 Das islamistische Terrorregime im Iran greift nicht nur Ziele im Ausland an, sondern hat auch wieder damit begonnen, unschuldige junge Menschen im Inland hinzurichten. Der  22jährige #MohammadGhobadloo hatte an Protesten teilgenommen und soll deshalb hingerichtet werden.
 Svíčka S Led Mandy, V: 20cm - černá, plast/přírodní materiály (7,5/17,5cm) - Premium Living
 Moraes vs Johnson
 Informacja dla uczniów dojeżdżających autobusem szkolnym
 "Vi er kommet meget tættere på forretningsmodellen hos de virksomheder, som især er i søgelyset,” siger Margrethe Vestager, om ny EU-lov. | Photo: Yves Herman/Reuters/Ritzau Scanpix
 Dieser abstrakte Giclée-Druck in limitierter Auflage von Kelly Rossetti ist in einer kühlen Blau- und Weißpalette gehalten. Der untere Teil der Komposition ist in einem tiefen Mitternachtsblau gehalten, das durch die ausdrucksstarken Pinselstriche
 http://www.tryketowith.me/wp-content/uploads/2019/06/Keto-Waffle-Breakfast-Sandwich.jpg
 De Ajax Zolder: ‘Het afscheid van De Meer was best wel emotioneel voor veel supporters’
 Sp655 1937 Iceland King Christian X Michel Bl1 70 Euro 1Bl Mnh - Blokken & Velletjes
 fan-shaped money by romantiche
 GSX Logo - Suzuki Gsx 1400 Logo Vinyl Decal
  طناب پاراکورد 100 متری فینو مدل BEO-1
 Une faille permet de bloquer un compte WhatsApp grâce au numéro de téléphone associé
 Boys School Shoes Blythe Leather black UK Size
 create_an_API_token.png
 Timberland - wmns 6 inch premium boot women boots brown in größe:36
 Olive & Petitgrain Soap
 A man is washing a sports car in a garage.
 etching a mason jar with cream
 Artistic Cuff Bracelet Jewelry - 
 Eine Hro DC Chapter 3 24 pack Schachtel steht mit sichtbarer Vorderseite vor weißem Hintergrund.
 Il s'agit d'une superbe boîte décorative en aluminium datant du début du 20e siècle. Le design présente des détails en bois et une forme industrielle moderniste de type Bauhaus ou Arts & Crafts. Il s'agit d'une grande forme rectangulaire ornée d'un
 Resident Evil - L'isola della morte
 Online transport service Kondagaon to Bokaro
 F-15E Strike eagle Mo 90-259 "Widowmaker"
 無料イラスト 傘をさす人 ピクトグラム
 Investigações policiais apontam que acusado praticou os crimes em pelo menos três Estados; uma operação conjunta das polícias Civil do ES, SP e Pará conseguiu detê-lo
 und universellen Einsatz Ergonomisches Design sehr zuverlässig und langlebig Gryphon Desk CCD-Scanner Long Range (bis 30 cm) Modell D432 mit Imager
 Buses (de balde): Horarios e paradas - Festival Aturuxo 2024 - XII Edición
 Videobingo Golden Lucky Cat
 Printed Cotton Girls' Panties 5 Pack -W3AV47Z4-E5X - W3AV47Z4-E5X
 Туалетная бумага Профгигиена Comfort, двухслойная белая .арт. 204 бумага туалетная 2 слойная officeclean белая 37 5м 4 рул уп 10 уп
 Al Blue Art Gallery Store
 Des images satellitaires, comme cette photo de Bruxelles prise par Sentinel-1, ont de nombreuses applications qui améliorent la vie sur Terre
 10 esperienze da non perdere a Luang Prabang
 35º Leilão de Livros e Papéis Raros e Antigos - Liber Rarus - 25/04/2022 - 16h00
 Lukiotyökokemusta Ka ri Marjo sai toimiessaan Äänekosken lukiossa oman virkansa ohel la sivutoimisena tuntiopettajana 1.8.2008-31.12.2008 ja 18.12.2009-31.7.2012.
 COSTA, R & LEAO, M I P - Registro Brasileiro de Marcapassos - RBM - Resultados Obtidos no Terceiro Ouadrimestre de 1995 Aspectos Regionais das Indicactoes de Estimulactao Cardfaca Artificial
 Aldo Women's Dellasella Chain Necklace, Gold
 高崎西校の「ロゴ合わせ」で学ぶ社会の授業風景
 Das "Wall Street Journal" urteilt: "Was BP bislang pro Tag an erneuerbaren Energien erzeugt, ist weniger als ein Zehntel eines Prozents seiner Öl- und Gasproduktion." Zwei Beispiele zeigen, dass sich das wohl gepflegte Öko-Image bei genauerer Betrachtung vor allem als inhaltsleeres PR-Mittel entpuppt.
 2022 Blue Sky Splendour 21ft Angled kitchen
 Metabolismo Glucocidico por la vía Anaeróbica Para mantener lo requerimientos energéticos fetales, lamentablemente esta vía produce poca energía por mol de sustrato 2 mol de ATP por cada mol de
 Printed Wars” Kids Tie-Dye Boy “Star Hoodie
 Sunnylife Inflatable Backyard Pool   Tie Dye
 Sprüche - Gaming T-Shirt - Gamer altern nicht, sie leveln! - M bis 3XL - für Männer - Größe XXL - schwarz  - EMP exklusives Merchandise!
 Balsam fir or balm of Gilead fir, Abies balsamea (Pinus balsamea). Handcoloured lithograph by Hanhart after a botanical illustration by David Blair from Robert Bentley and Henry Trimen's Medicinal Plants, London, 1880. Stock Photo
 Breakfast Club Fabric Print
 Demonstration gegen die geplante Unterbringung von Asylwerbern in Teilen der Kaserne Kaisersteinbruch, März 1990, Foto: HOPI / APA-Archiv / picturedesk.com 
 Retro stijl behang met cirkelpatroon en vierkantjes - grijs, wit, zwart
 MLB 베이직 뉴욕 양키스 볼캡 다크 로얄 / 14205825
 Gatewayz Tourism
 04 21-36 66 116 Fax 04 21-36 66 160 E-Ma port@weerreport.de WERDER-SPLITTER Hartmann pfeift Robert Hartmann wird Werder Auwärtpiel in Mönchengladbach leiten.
****
> Work task
In the material above, locate the line containing "fan-shaped money by romantiche" and the line containing "無料イラスト 傘をさす人 ピクトグラム". Transcribe exactly those two lines and every line between them, and nothing more.

> The answer
 fan-shaped money by romantiche
 GSX Logo - Suzuki Gsx 1400 Logo Vinyl Decal
  طناب پاراکورد 100 متری فینو مدل BEO-1
 Une faille permet de bloquer un compte WhatsApp grâce au numéro de téléphone associé
 Boys School Shoes Blythe Leather black UK Size
 create_an_API_token.png
 Timberland - wmns 6 inch premium boot women boots brown in größe:36
 Olive & Petitgrain Soap
 A man is washing a sports car in a garage.
 etching a mason jar with cream
 Artistic Cuff Bracelet Jewelry - 
 Eine Hro DC Chapter 3 24 pack Schachtel steht mit sichtbarer Vorderseite vor weißem Hintergrund.
 Il s'agit d'une superbe boîte décorative en aluminium datant du début du 20e siècle. Le design présente des détails en bois et une forme industrielle moderniste de type Bauhaus ou Arts & Crafts. Il s'agit d'une grande forme rectangulaire ornée d'un
 Resident Evil - L'isola della morte
 Online transport service Kondagaon to Bokaro
 F-15E Strike eagle Mo 90-259 "Widowmaker"
 無料イラスト 傘をさす人 ピクトグラム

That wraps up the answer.